Tuesday, May 1, 2012

Countryside and "Lazy" Thoughts about Employability

I just spent a wonderful day in the countryside, at a good-bye party for a good friend. Throughout the years that I have known my friend, I have met several of her friends at various get-togethers. I have seen people have a first child, and a second, during this time - and have memories of our children meeting at parties as babies, later on as toddlers, and now as pre-school children.

What saddens me nearly as much as loosing close contact with a friend with these good-byes (this is the second within a month) is that I will not see their children, or their friends' children grow up at a pace where you recognize the child and know their quirks.

 I heard from two of these friends' friends the same old story: difficult to find decent and decently paid child-compatible work, and double the more so as a foreigner (the respective countries of residence were Germany and France).

 Independent of these stories, I was last night wondering whether motherhood makes one lazy - at least me. I feel like I run a marathon, every day. Yet on the other hand I realize I have started using this "exhaustion" as a convinient excuse not to start looking for a new project after my last one finished. I can think of several reasons for this. First, I have never really taken it very easy before. Even after kids one and two. Maybe I really am a bit exhausted. Second, I have had interesting jobs, but have - with all pregnancies, maternity leaves and other reasons - never tried or succeeded in climbing the career ladder (in terms of hierarchy). I keep wondering whether it is worth the stress to return to field zero again. Third, as mentioned in my last post: the German tax system punishes me financially (a 60 percent tax on part-time income is a punishment in my view) if I go to work at a German institution (hence one big motivation to work at tax-exempt international organizations as a married woman).

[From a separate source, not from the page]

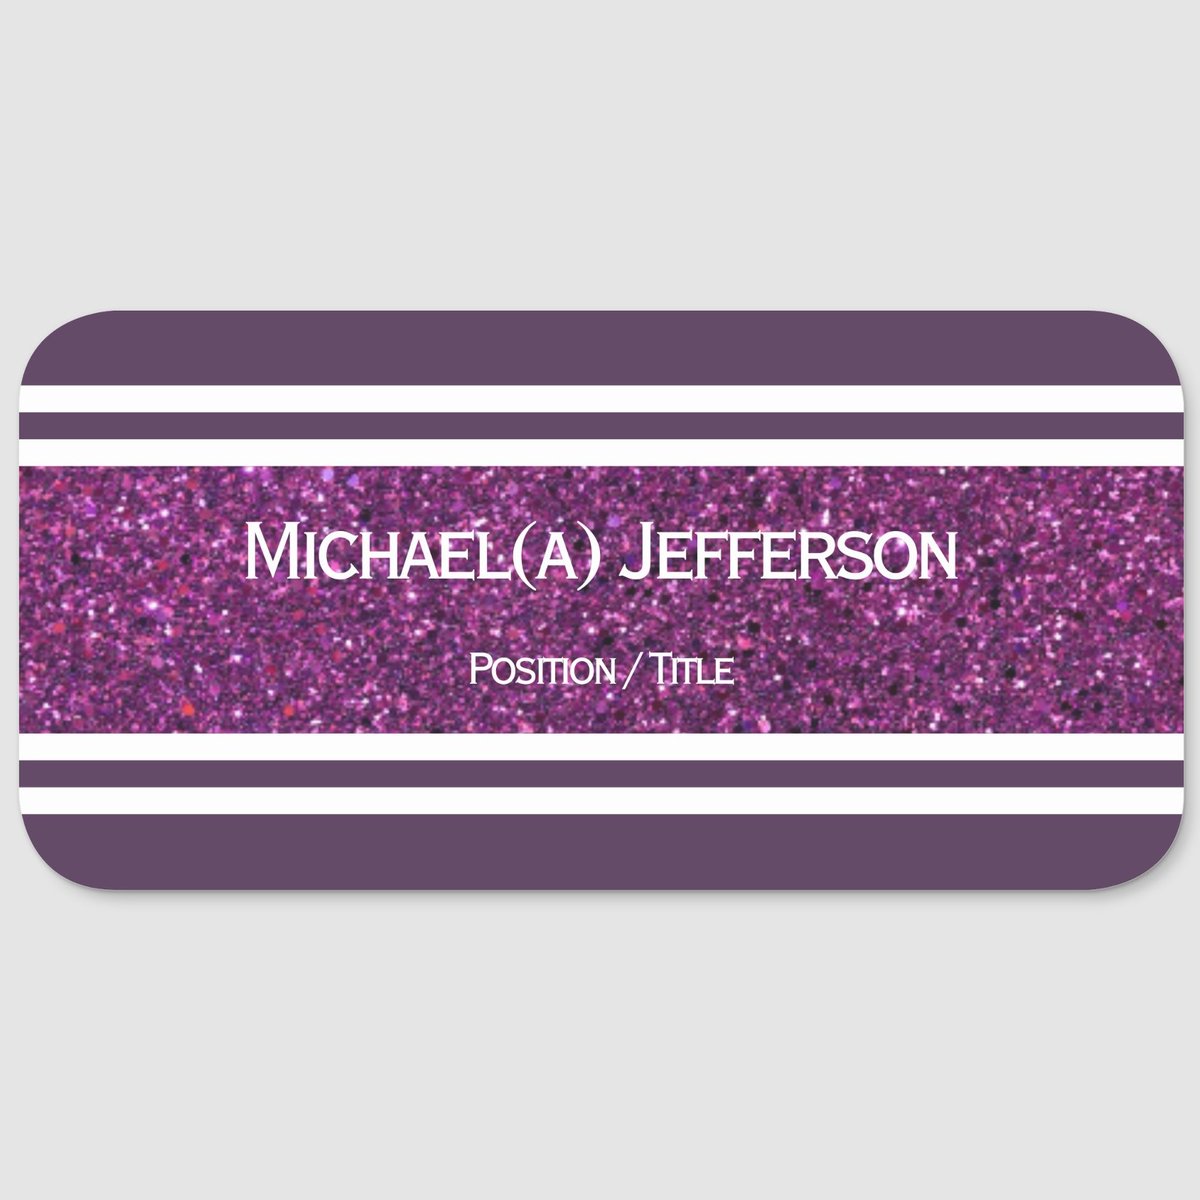 This #Purple #Glitter #nametag successfully marries vibrant energy with feminine charm zazzle.com/purple_glitter… can be a #Personalizedgift for #corporate #employees #Professional #identity for your team #nametags Give a #corporategift #zazzlemade #zazzle #BusinessMan #businesstips

Finally, it is difficult to know in advance whether an employer will be flexible with my situation: a husband who travels a lot, and three kids who, although miraculously never really ill so far, still require check-ups, have random days off due to teacher training, have long holidays, and may of course fall ill at any point in time.

 I dont think it is pessimistic to think that employers will not have serious doubts about my situation. I think it is realistic, and as long as our worklife is still organized the way it is these days, it may mean that I need to do some serious thinking about what my chances are in the labour market. At least while I refuse to put my children into 12-hour care each day, have a babysitter cover possible travels or evening meetings, and not be able to sit by their bedside when they have fever and feel miserable. I know women who do this, and they are far in their careers - and have small children. But I want the luxury of seeing my kids every day, and not just on weekends. And I want to be able to be there when they need me.